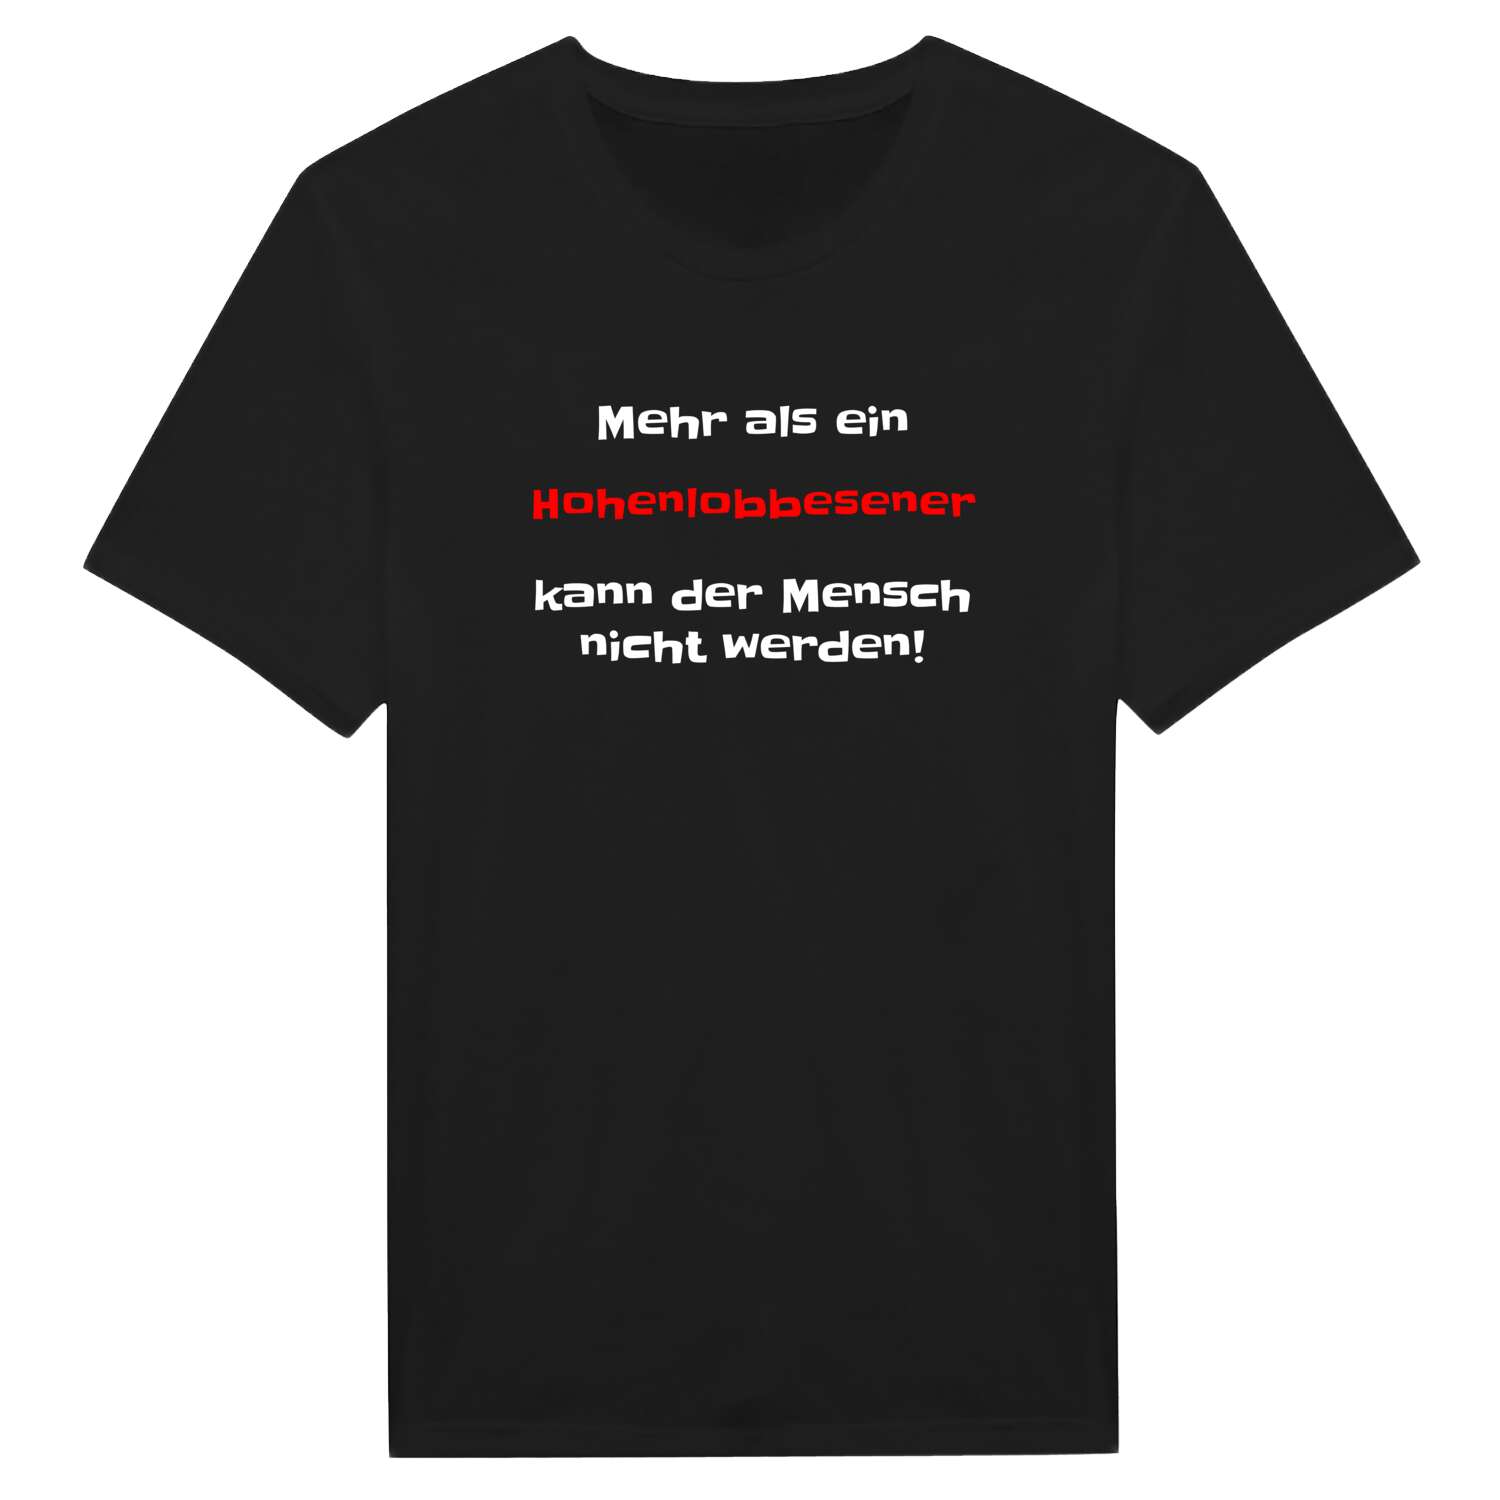 Hohenlobbese T-Shirt »Mehr als ein«
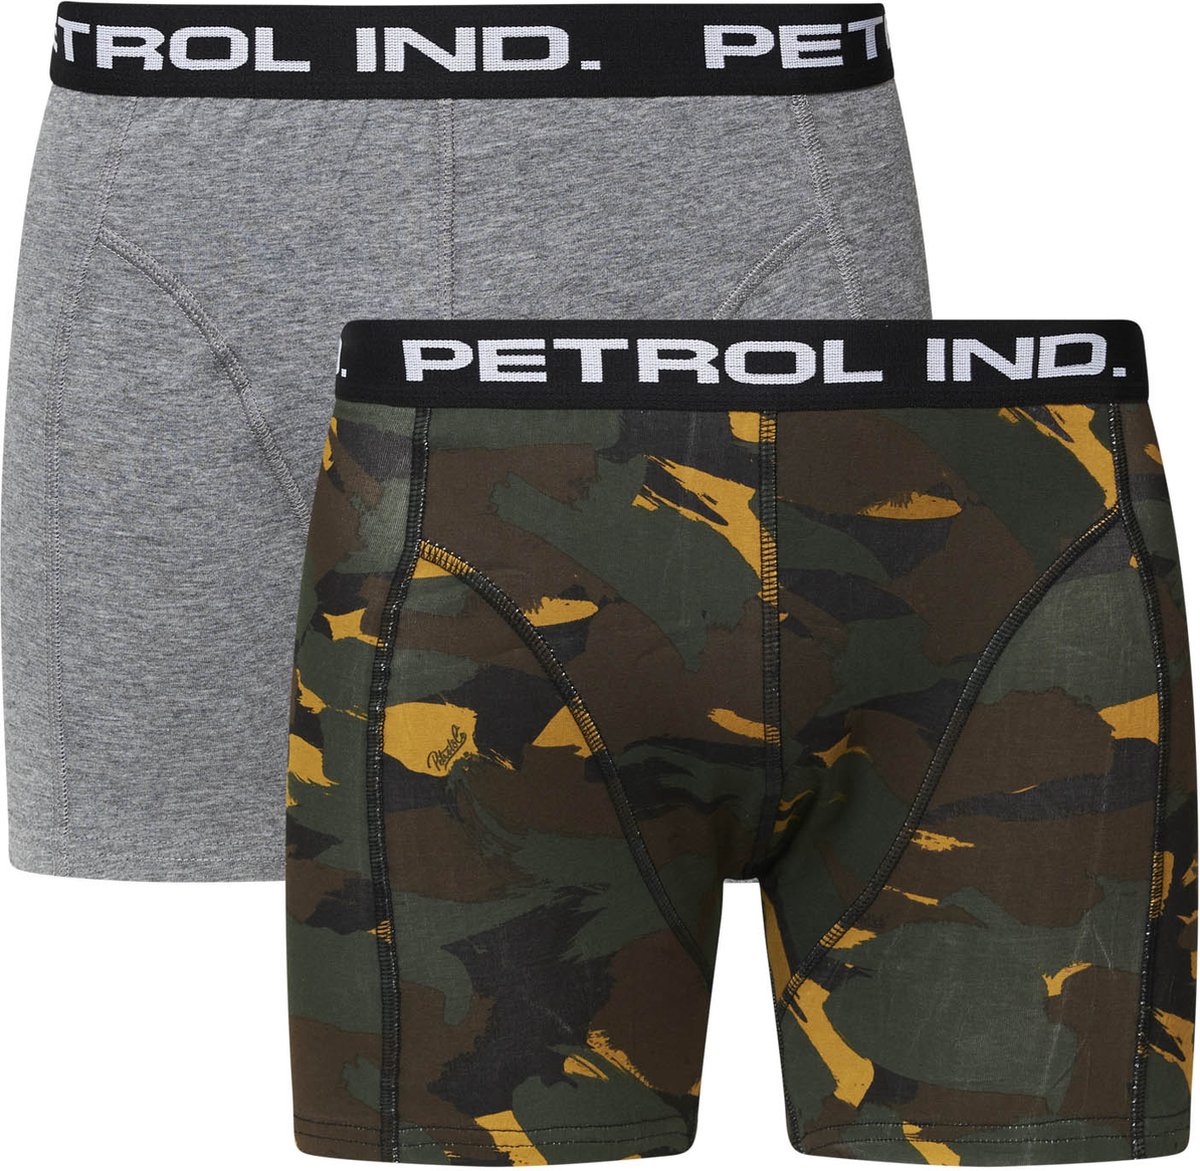 Petrol Onderbroek - Petrol Industries - 2-pack Boxershorts - Grijs - Camouflage Print
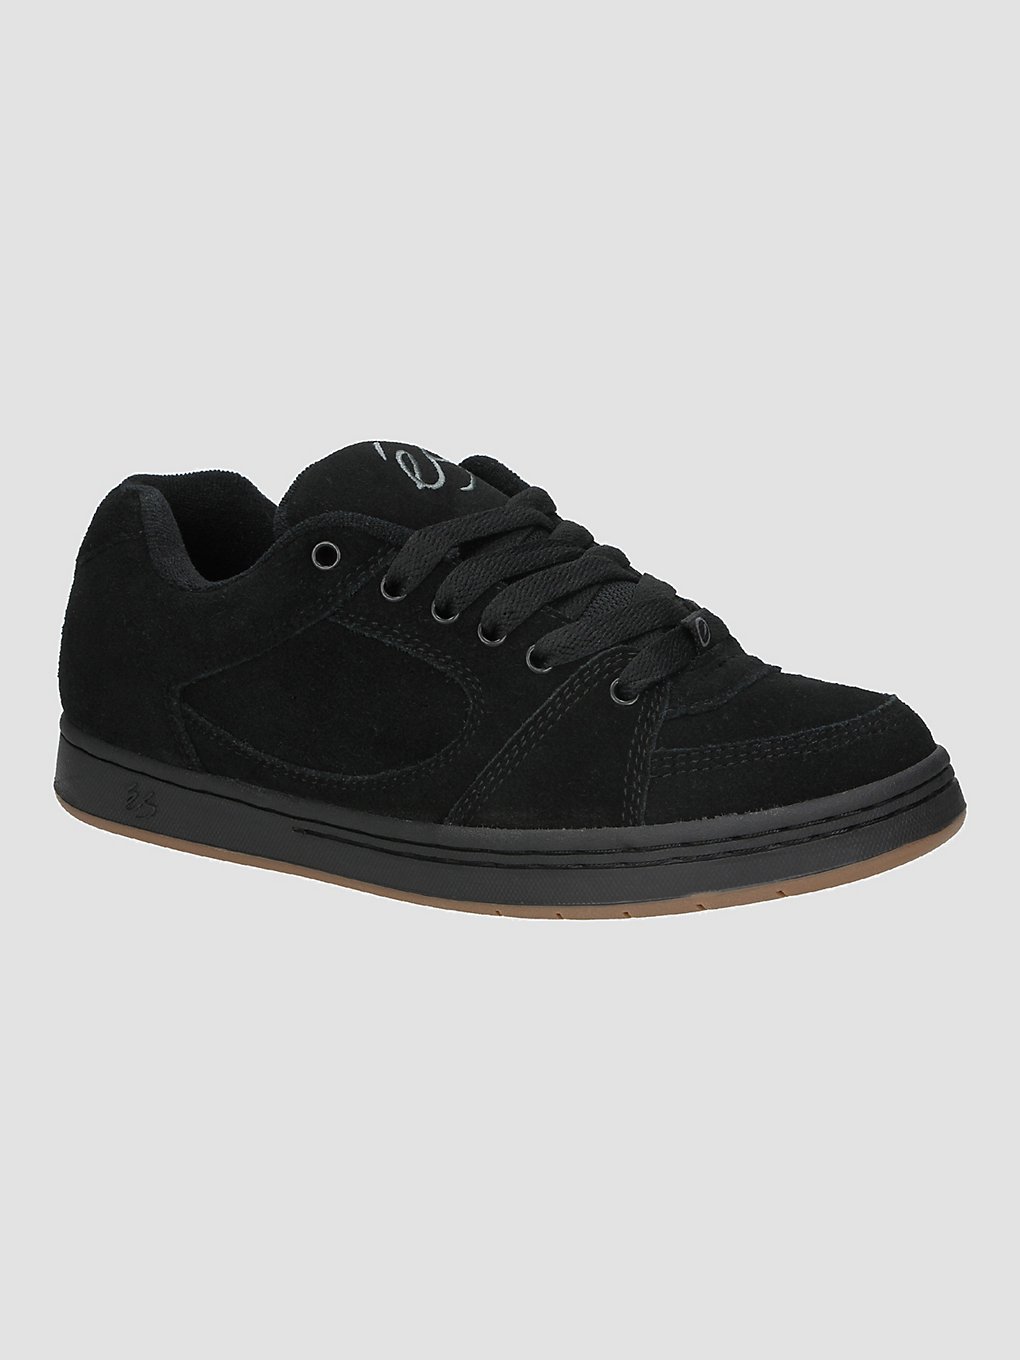 Es Accel OG Skate Shoes black kaufen
☆ ☆ ☆ ☆ ☆
● THE TASK:
Apart from its pictures, the data is to be repeated exactly.

● OUTPUT BELOW:
 Hohenlobbese T-Shirt »Mehr als ein«
 Petrol Onderbroek - Petrol Industries - 2-pack Boxershorts - Grijs - Camouflage Print
 Es Accel OG Skate Shoes black kaufen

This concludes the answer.